Besides the difference that it is conserved, Momentum (Mass x Velocity) and Kinetic (Mass x Velocity^2) are very very similar terms.
In every cite above that is how momenta was use, as a way to ensure that Total energy was conserved.
Without a cite, your argument does nothing but focus on minutiae.
But once again, feel free to provide formula that ignore momenta in the Total energy of a the system in this case…but be sure you can account for the ‘mass loss’ problem.
But if you are still thinking of an ideal box, and energy content of that ideal box that does explain a lot, I am talking past that basic concept.

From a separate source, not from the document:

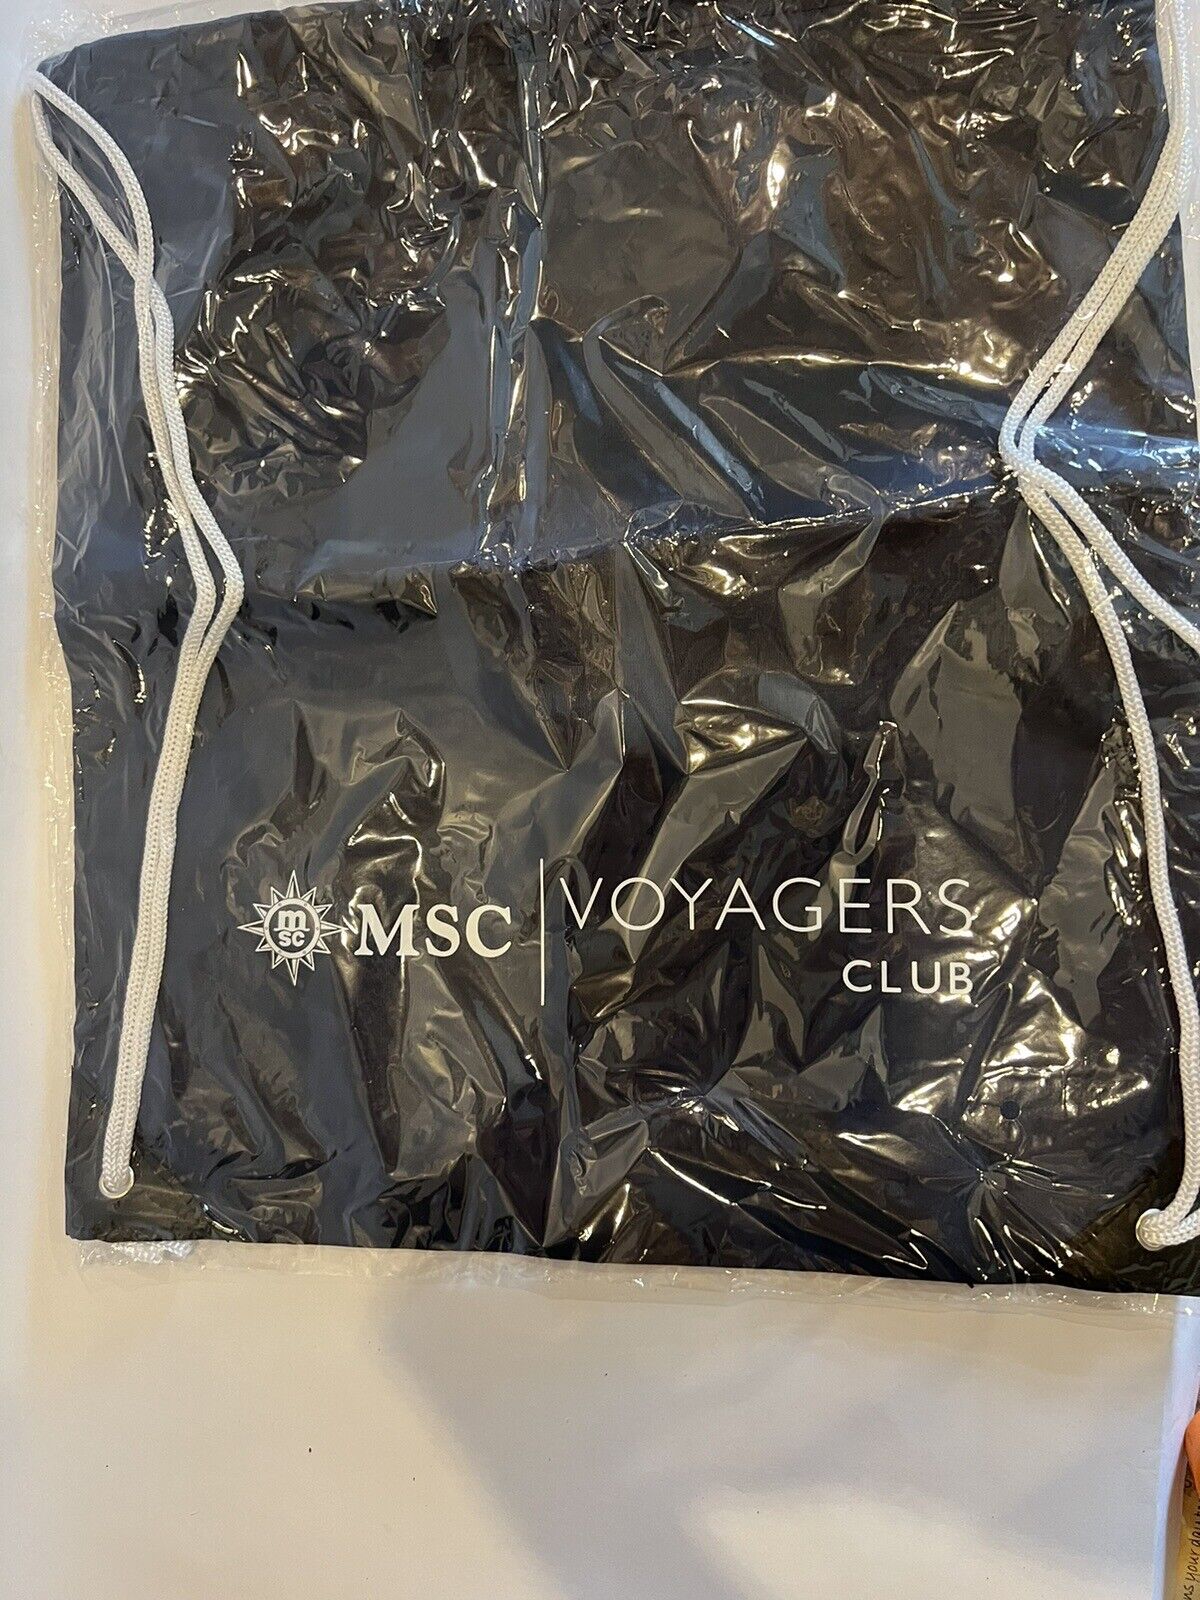 MSC Voyagers String Bag. New Sealed In Plastic Fun Thing For Your Next Cruise

To avoid the math, let me link to this image that was in my above cites,
Remember that with practical fusion reactions, and not idealized perfect enclosed boxes there is a reduction in “mass” during fusion.
A small portion of this energy may be released via gamma radiation, where the momentum directly relates to the frequency and thus the energy of the release particle.
But most of the released energy in exothermic fusion is typically in a Proton, Neutron or helium nucleus (Alpha particle). These particles are often traveling at a significant portion of the speed of light depending on the reaction type (10%+) and in general baryons are heavy enough to be relativistic in these interactions anyway.
I think that momentum is hidden inside another term like the de Broglie wavelength and you are maybe overlooking the importance of it to the equation.
But momentum being conserved is critical to the core concept of the reduced mass of the main product of fusion.
You are changing the goal post but Louis De Broglie got his Nobel Prize for the idea of matter having a wavelength. Is there a reason you glossed over the first series related to massive particles? This was confirmed in the Davisson–Germer experiment
But I will provide yet more cites, despite zero being returned my direction.
Nowhere in the above do you justify p = E/c
As chronos notes, that is only valid for a photon, and is not valid for an electron. Heck it is on one of the pages you cite earlier. Explicitly listed for a photon. Indeed a number of your cites actually contradict what you claim if you read them with any care.
Otherwise you just started with E = (1/2) mv^2 and ended up with it.
And to be clear, the main reduction is E = pc, is the main reduction for massless simple calcs for the energy momentum relation, and the cites have been handed several times.
But the above claim was that “momentum isn’t energy”, when it is a critical portion of total energy as described with E = pc even if it is for a massless particle.